Billywitch 2022
British fantasy-chaser embraces pastoral anxiety and infuses oxymorons with levity and other forces of life.
Back in the ’80s, Steve Somerset worked as part of Godley & Creme’s video production company company, and their 10CC-sensibility clearly rubbed off on him – as did living close to Ealing’s Haven Green park, so when the English artist emerged on the music scene as THE SHADOW KABINET, these influences showed. However, with three quasi-ensemble’s albums in the multi-instrumentalist’s discography, he reinvented his method, and decided to start afresh, shaping “To Whom It May Concern” as THE HAVEN GREEN’s debut. And it was worth the change, for the platter’s concept is enchanting.
First revealing itself before the listener with a poetry recital that floats into focus over a glimmering background, the album doesn’t take long to spring to action with “Journey To The Stars” – on a jolly mélange of jangly guitars and delicately sweeping strings which are wrapped around Somerset’s soft voice – before the funereal psychedelia of “Remember” creeps towards the tight twang to try and frighten, if only for a lark, the faint-hearted. Yet there’s “Will They Ever Learn?” to offer an even more groovy gloom and give the drift a pop-scented surface, full of vocal harmonies and shoegaze sheen, and “God Doesn’t Know” to drench the flow in sweet fatigue, or even despair, as the number’s wailing lines reach for Brian Wilson’s cabin fever and fall short of embracing the grace.

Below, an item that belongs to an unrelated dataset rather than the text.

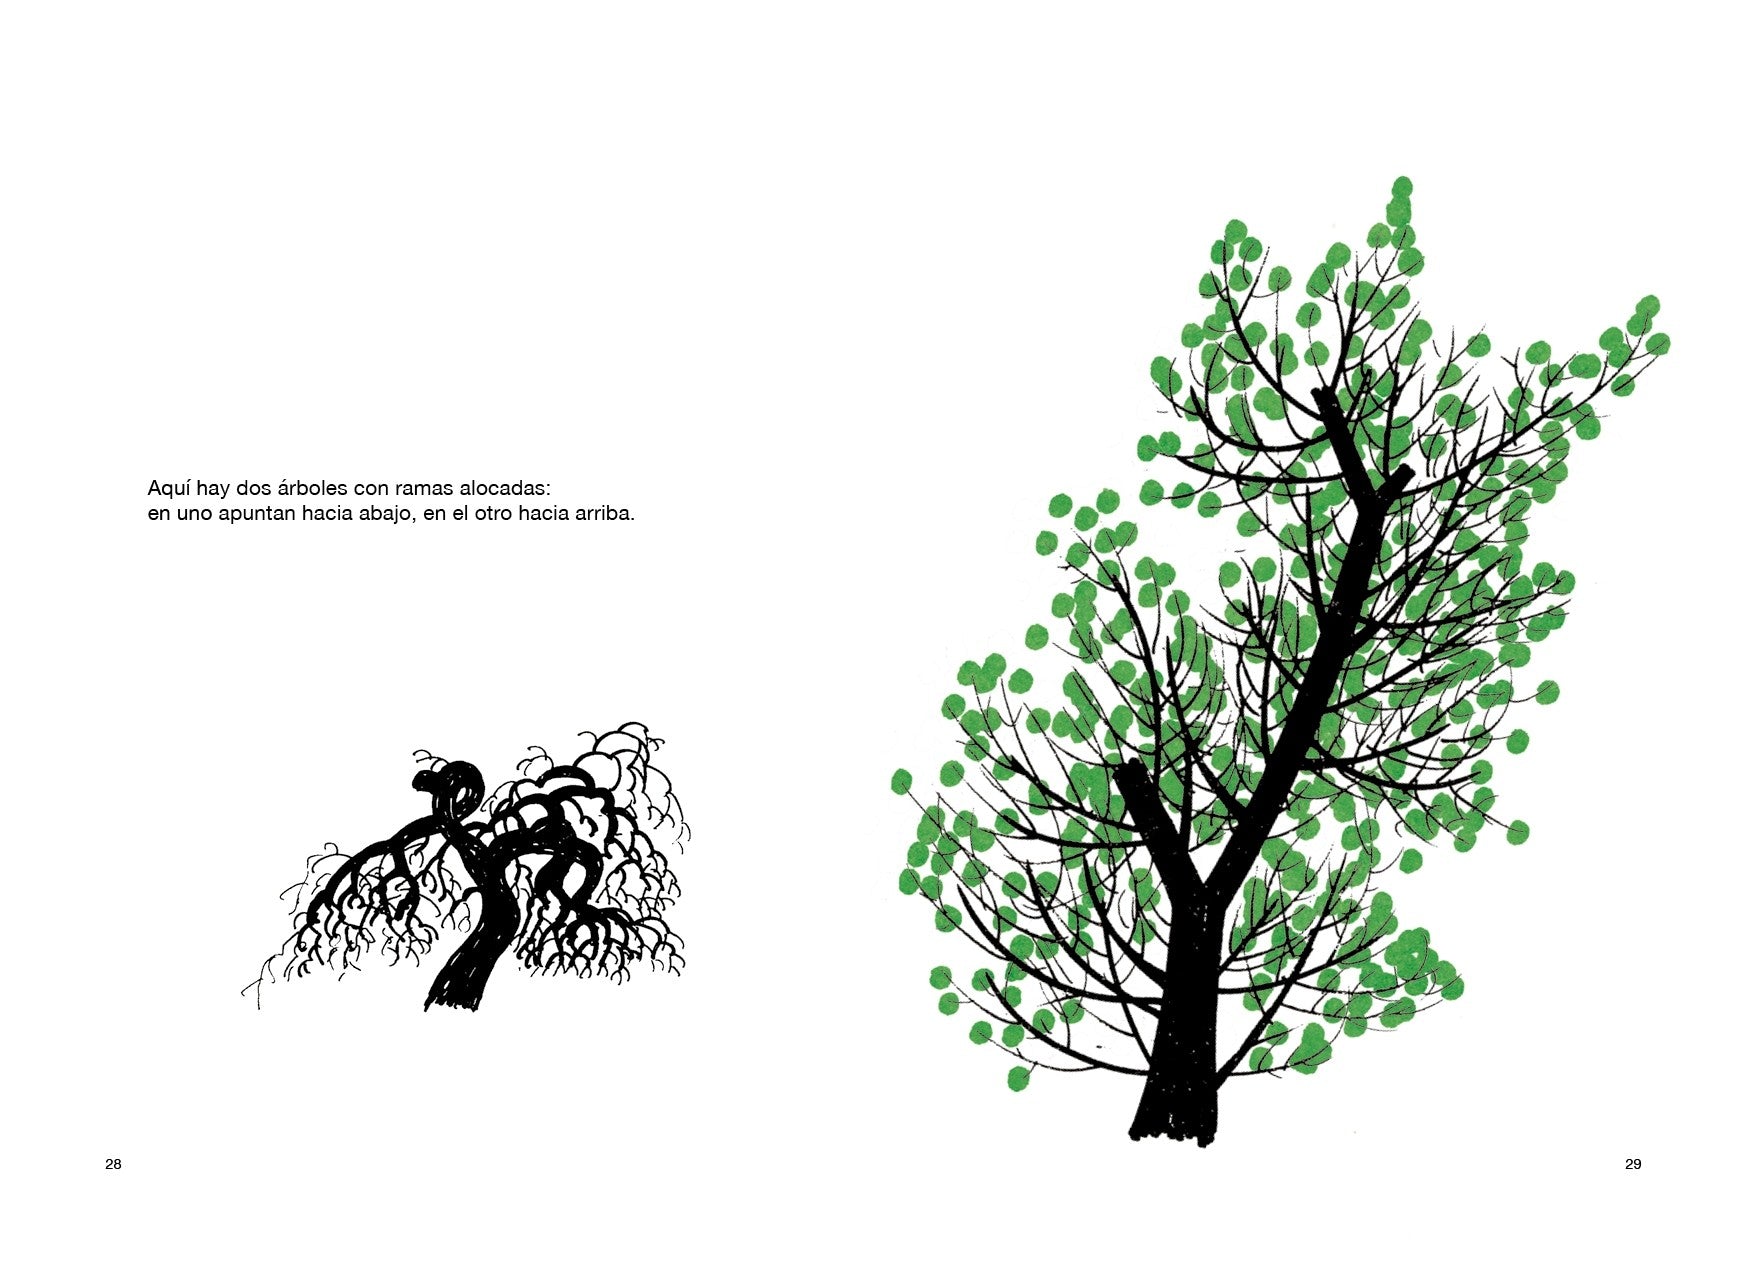 Dibujar un árbol - Bruno Munari

As a logical result, the words and music of “Lonely City” marry ’60s innocence to contemporary cynicism to the accompaniment of insistent strum and nostalgic tinkling – shifting from under the piece’s calypso-spiced shadow to land on raga and bring forth the flamenco-flavored “Don’t Worry About Tomorrow” whose retrofuturistic figures emphasize the flexibility of the singer’s pipes. And though the folk-inspired “If You Could See” seems plaintive, its acoustic lace and cinematic arrangement are guaranteed to grip one’s soul – and then return to spoken-word stanzas, stressing the record’s conceptual frame – whereas the nigh on hymnal “Just Around The Corner” channels a warm hope through its pseudo-orchestral veins.
So while “To Whom It May Concern” feels otherworldly sometimes, it’s very relatable – it’s a trip everyone should embark on.